[DATA BELOW]
- - - -

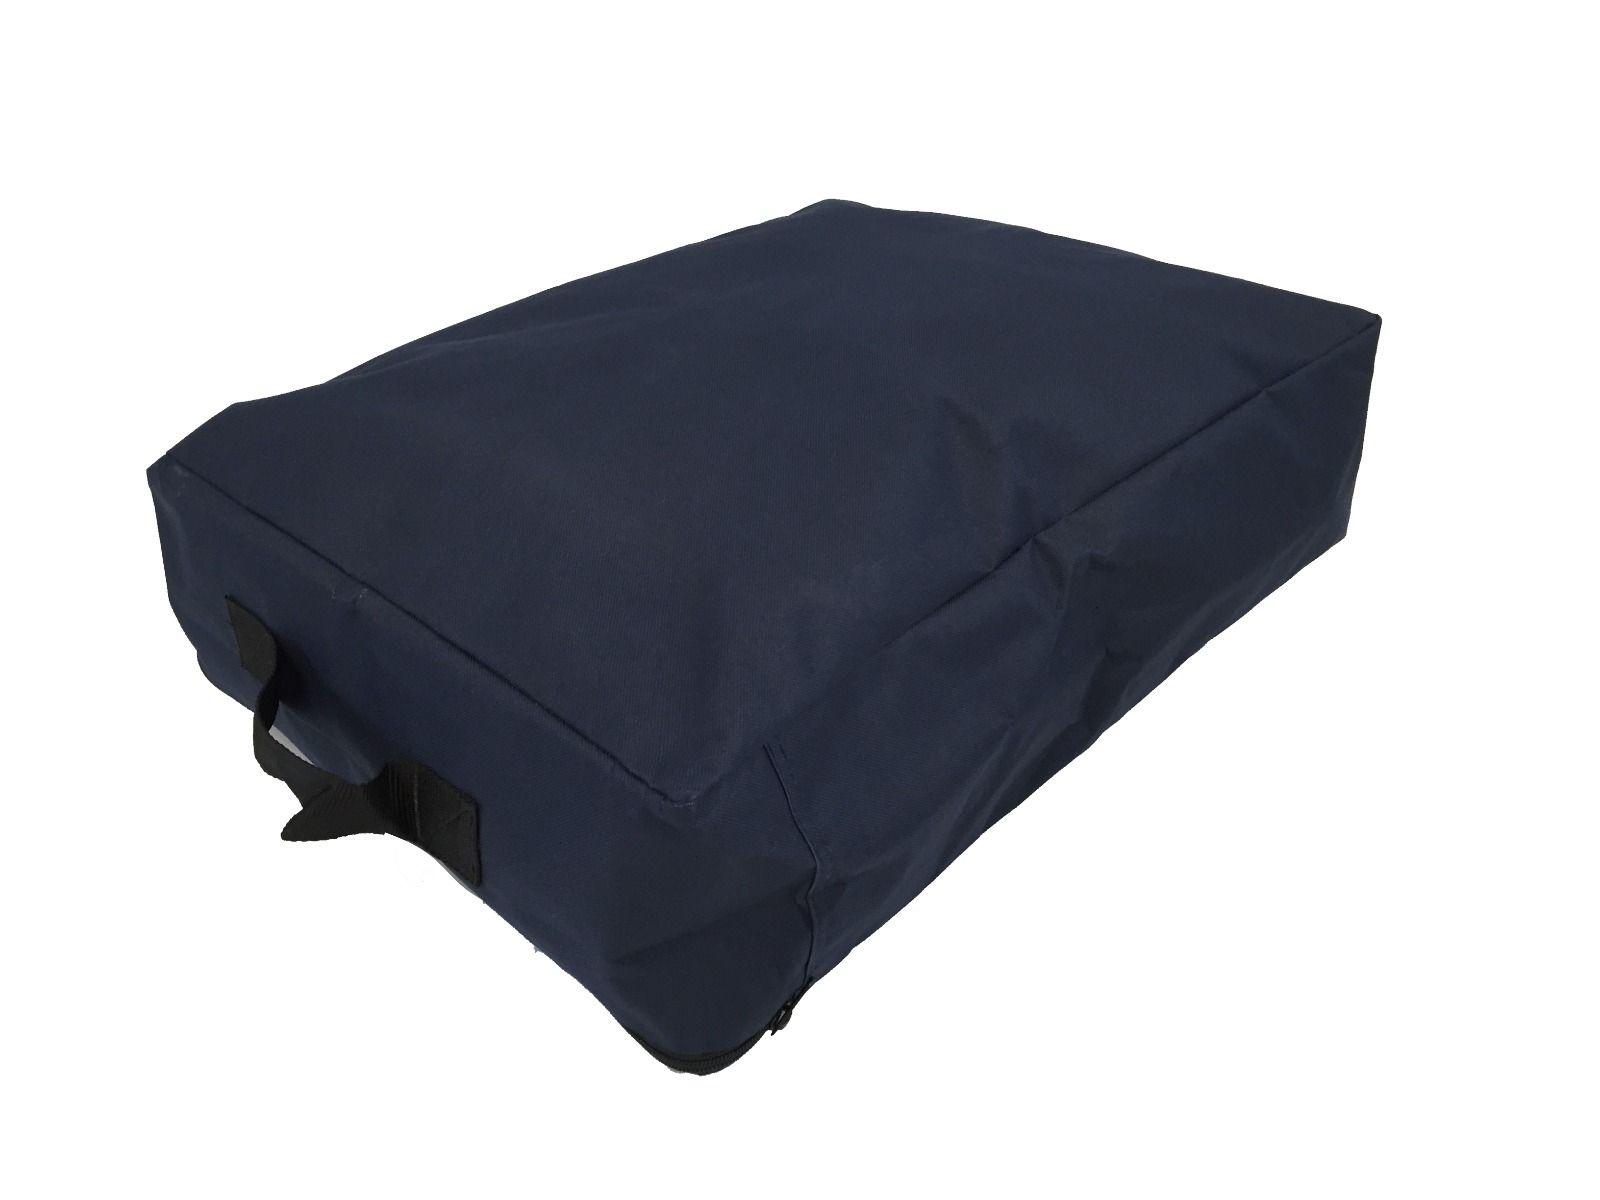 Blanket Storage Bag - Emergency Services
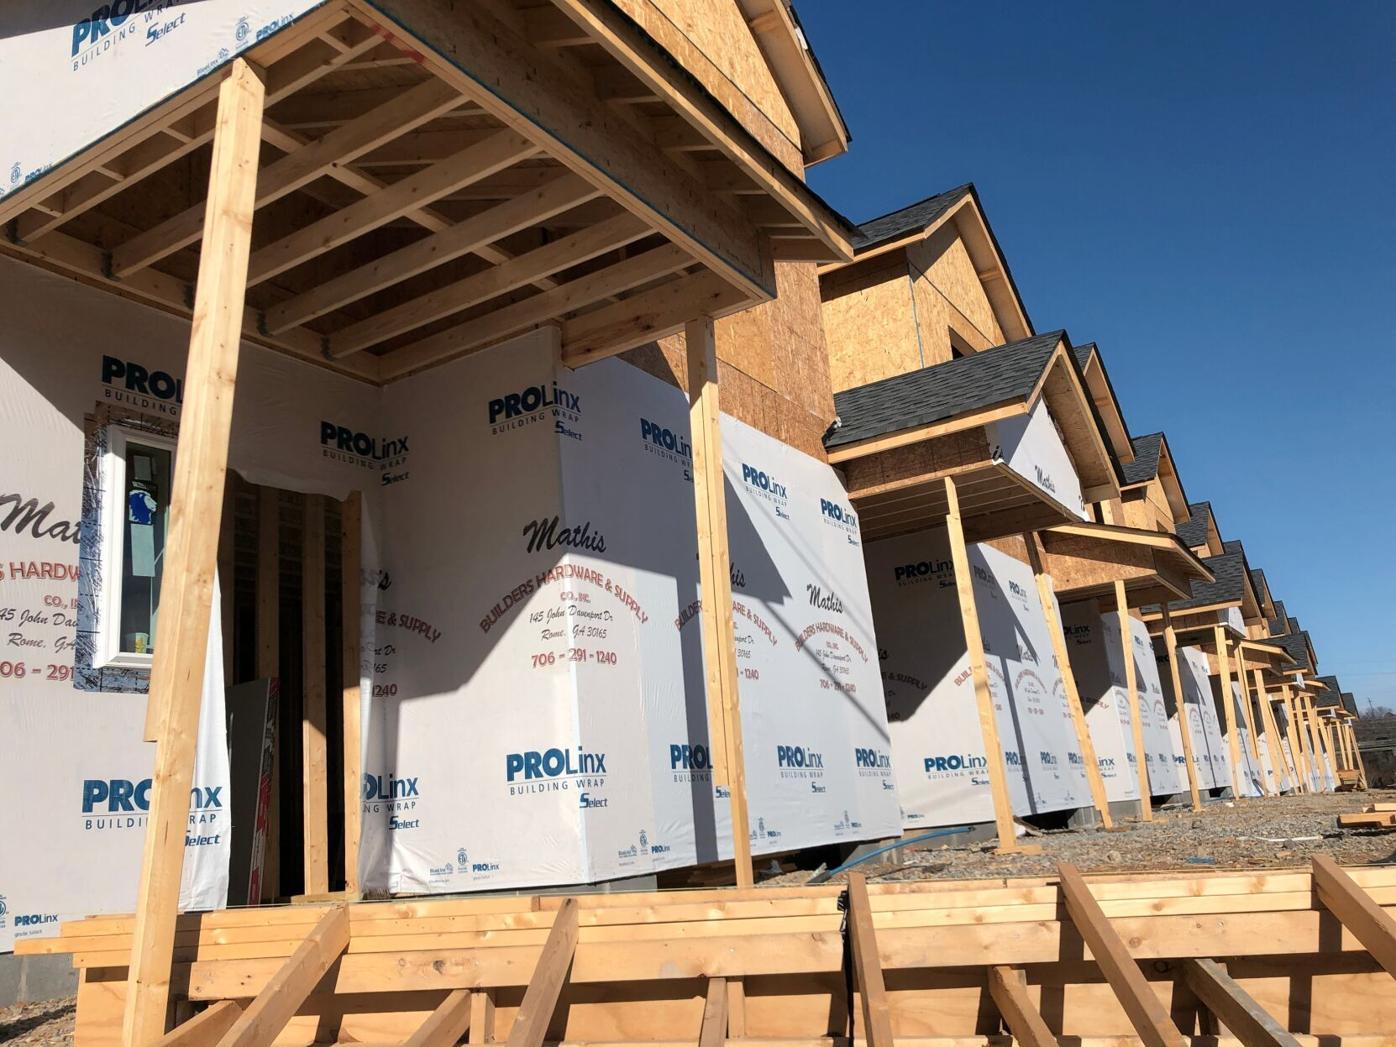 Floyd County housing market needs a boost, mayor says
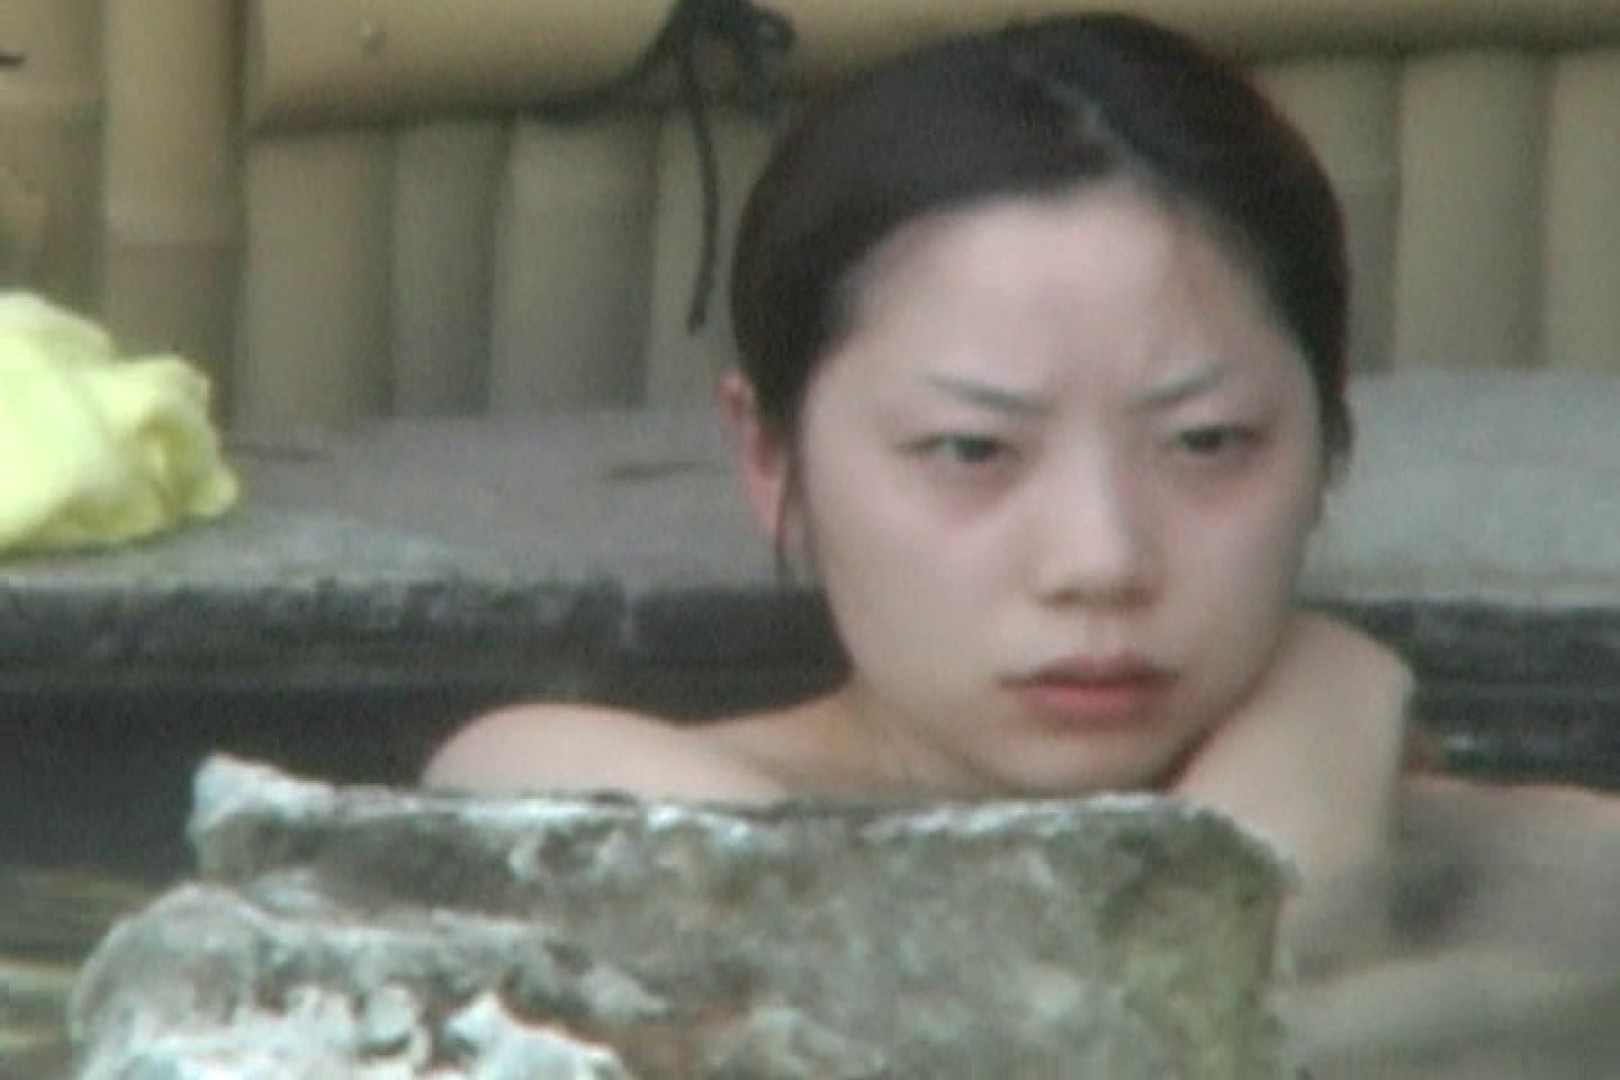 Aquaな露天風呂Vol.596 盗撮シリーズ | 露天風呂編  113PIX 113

- - - -

[THE TASK] The data must be repeated exactly. Any pictures in it are to be left out.

[ANSWER SPACE]
 Blanket Storage Bag - Emergency Services
 Floyd County housing market needs a boost, mayor says
 Aquaな露天風呂Vol.596 盗撮シリーズ | 露天風呂編  113PIX 113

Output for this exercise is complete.